10. Calculate Contact Time. With Sensor1 illuminated in the browser box, choose “Access” from the “Tools” pull down menu. Highlight Fuse in the “Access for Sensor” window that appears. Click the “Compute” button and then click the “Access” button in the “Reports” box in the lower right. The report that appears gives you all contact times in one day plus minimum, maximum, mean, and total contact times. Note that these times are important because it is only during contact time that instructions can be transmitted to the satellite and data can be received from the satellite.
 
 

Extensions

This exercise led you through a very small part of the Satellite Tool Kit capability and showed only one aspect of mission control. To get a better feel for missions operations, try the following.

Training Exercises

In the opening window of STK or STK/VO, choose the training exercises instead of clicking the new scenario button. Start with the basic exercises and then go to an exercise in the science category. After highlighting your choices, click ”OK.” This will give you insight into the complexities of mission planning.
 

Plan an Orbit

Plan your own orbit for FUSE using STK/VO and compare it to the orbit chosen by mission planners. Take the following constraints into account:

1. Because cost increases with orbit height, plan an altitude of less than 800 km. Keep the altitude above 750 km to avoid a highly populated communications satellite altitude. The cost increases with height because the launch is more expensive and the signal gets fainter so you need more power on the space craft.

2. Use a nearly circular orbit to keep the atmospheric density the same throughout the orbit.

3. You must be able to make contact with Mayaguez and backup ground stations in Hawaii (latitude = 21^o N , longitude = 158^o W) and in Goldstone, CA (latitude = 35.3^o N, longitude 116.9^o W ).
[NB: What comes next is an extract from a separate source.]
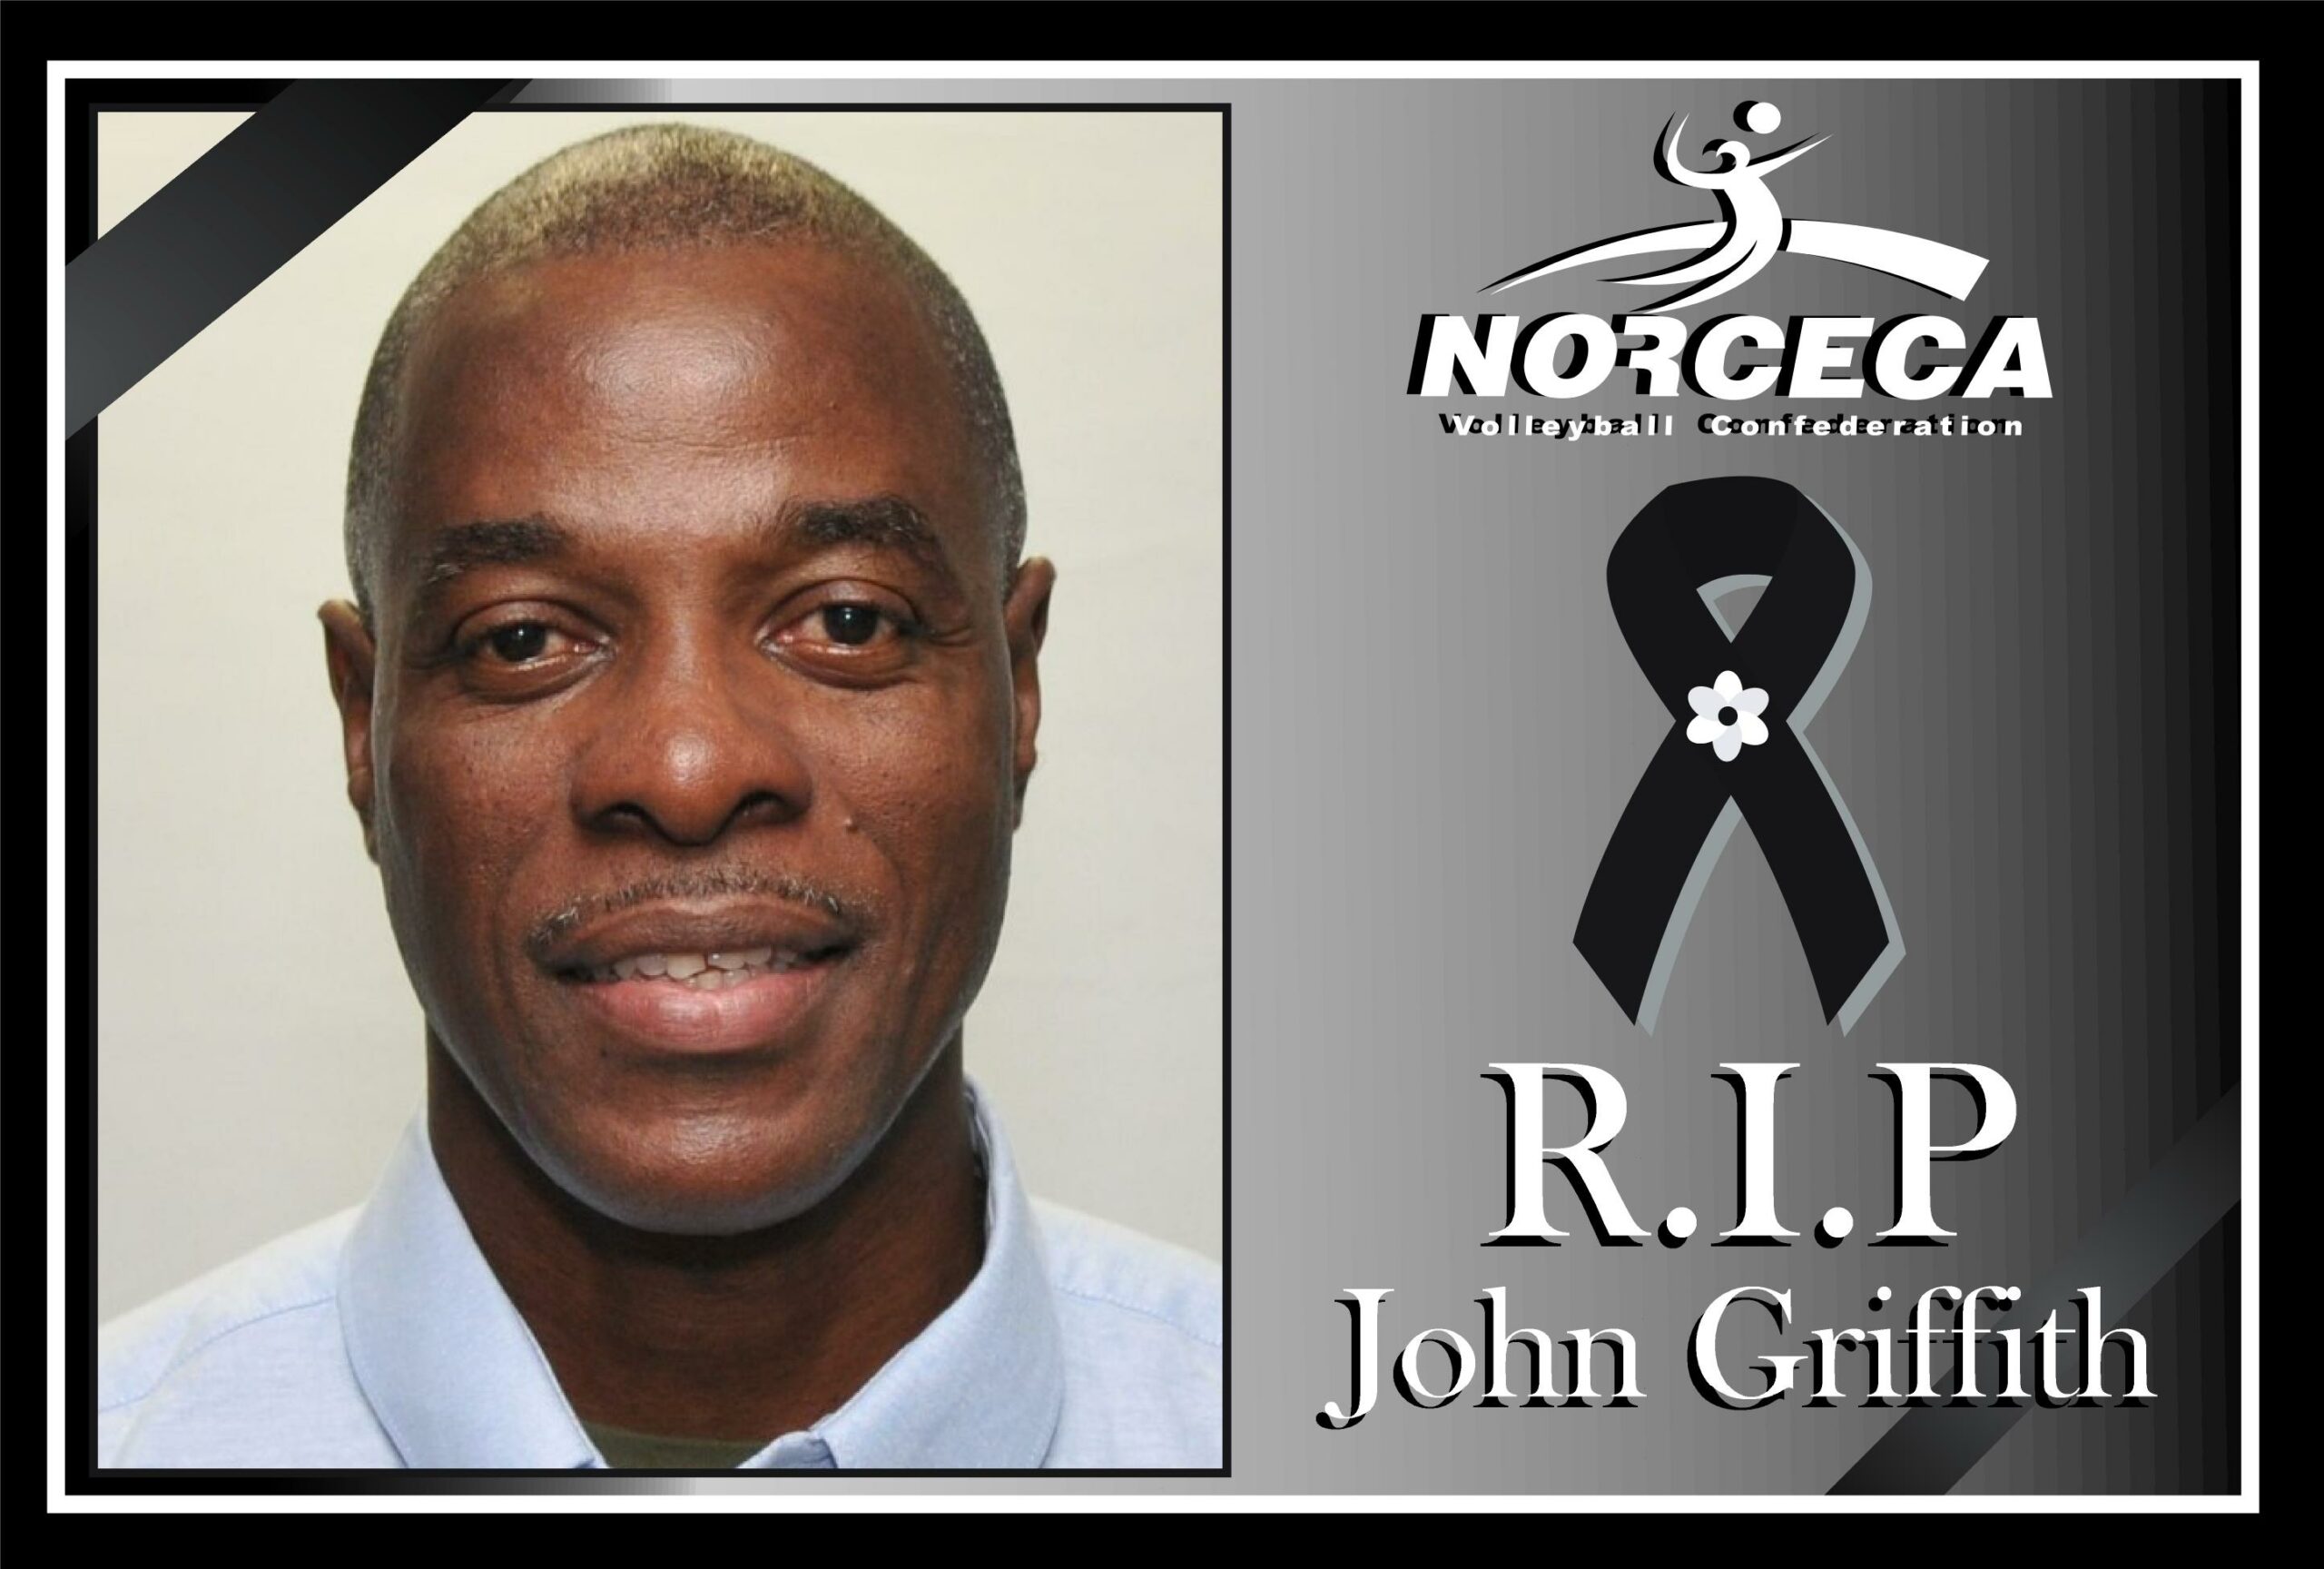 NORCECA mourns the passing of John Griffith

4. Radiation damage to sensitive equipment is a concern for all space satellites. FUSE should spend the minimum possible amount of time in regions of space that contain a great many charged particles because FUSE detectors must be turned off in such regions to avoid damage. High energy particles are part of the solar wind and their distribution is shaped by Earth's magnetic field. Avoid a concentrated zone of radiation called the South American Anomaly. This region will be shown on the two dimensional map if you highlight FUSE in the browser window, choose graphics from the properties pull down menu, click the contours tab, click in the box to the left of “show”, and click OK. To show the region on the three dimensional map, highlight FUSE in the browser window, choose “VO” from the properties pull down menu, click on the box to the left of “show” under the “contours” tab, and click OK to close the window, Also, the orbit should be as close as possible to the equator because within the limits of altitude you are considering, this is a region of low radiation.